# New York to ban Foie Gras!



## phaedrus (Dec 23, 2004)

Yikes! That will be a heavy blow! Granted, a lot of foie gras production is cruel but not all of it is. I'm trying to determine if the law differentiates between the two without much luck. I'm not in favor of cruel production practices but it seems a bit extreme to ban all production. What will classical cuisine look like in a world with no foie gras?


----------



## chefross (May 5, 2010)

I also read that. It may affect over 1,000 restaurants in NYC alone.
If PETA gets its way, what's next?


----------



## brianshaw (Dec 18, 2010)

California has already done that adaption. While there was mild outrage I don’t think there were many impacts of any significance. Our law was simple - none regardless of source or production method. But I think it’s as dumb as taking the animals out of the circuses... there must be more important causes and a better way to protect animal rights.


----------



## brianshaw (Dec 18, 2010)

chefross said:


> I also read that. It may affect over 1,000 restaurants in NYC alone.
> If PETA gets its way, what's next?


I suspect what's next is an influx of "impossible " products into every conceivable market.


----------



## chefwriter (Oct 31, 2012)

Note that the ban is in the five boroughs of NY City, not the entire state. New Jersey and Pennsylvania are also close by and have no ban. I realize the City restaurants are the main buyer for Foie Gras but others nearby may now have more reason to put it on the menu. Given other problems specific to NYC, it may not be the answer for every restaurant but some may simply relocate, 
This ban also does not take effect for three years. I suspect by that time everyone will have sorted out the challenges and you'll still be able to get it.


----------



## phaedrus (Dec 23, 2004)

I suppose life goes on. It may get to the point where foie gras is looked at like we look at Ortolan.


----------



## sgsvirgil (Mar 1, 2017)

Historically speaking, banning ingredients used by commercial kitchens in large city centers tends to create a black market for those products; the size of which is typically determined by the product and its popularity/demand. Fois gras is quite popular in the world of fine dining, especially in NYC. I think this could create a rather sizeable black market. Black markets and commercial kitchens have never been an award winning combination. 

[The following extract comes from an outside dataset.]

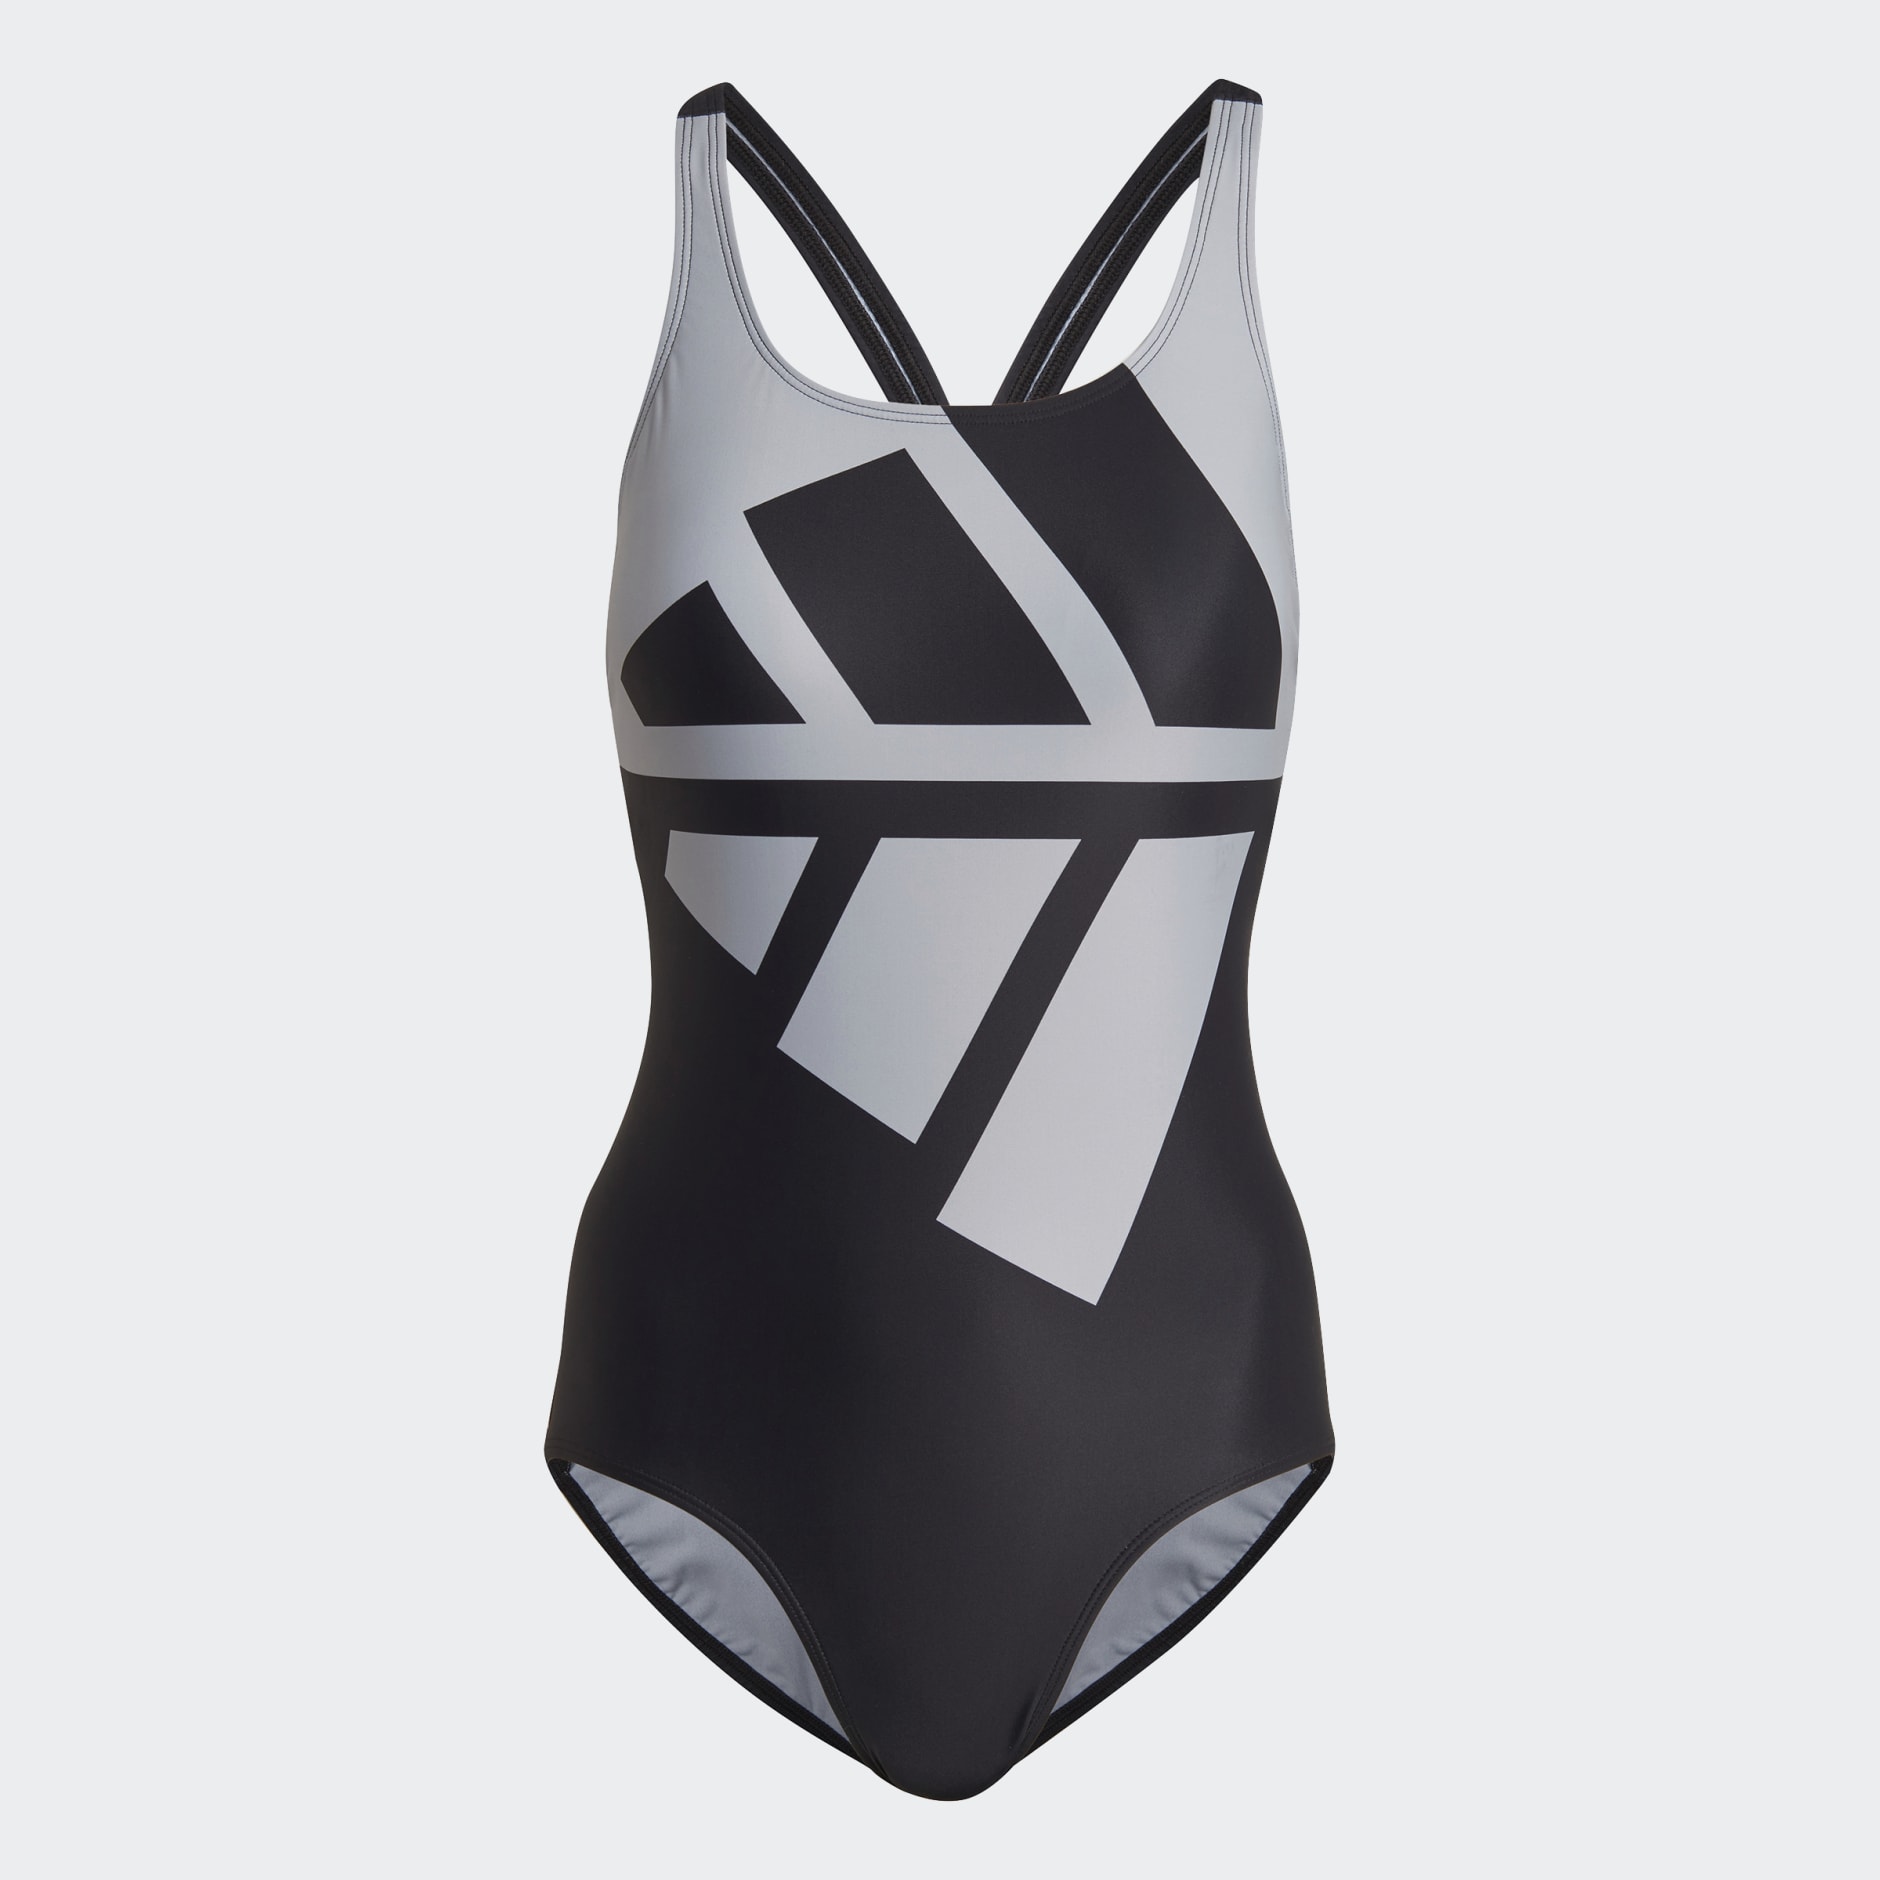 Clothing - Padded Logo Graphic Swimsuit - Black

Governance by banning things has never worked out for the better once in human history. Reason #787 why I left New York.


----------



## Seoul Food (Sep 17, 2018)

This will probably just end up like the super sized soda ban. NY, especially the city should focus on things like high taxes and crumbling infrastructure but the people in charge will do this and pat themselves on the back. 

I find it laughable that a lot of times people will put more emphasis in how our food feels but not our fellow beings.


----------



## chefross (May 5, 2010)

What about countless other weird and crazy things man does with animals? My G-D what's next, oysters and clams because we murder them when we open them? How about Balut? Will we not be able to plunge a living lobster into a pot of boiling water any more? Where can this go?


----------



## cheflayne (Aug 21, 2004)

Just because I can't hear them, doesn't mean that baby carrots don't scream when they are pulled out of the ground.


----------



## mike9 (Jul 13, 2012)

You ought be able to purchase on line like from D'artagnan. I wonder if this bill was put forward by the same A-holes that tried to eliminate "games of chance" AKA raffles for NFP PS organizations and also "fishing derby's" for kids and club hunts? Damn down state so called "do gooders" trying to impact the rest of the state with their "concerns" OK don't get me started . . . LOL.


----------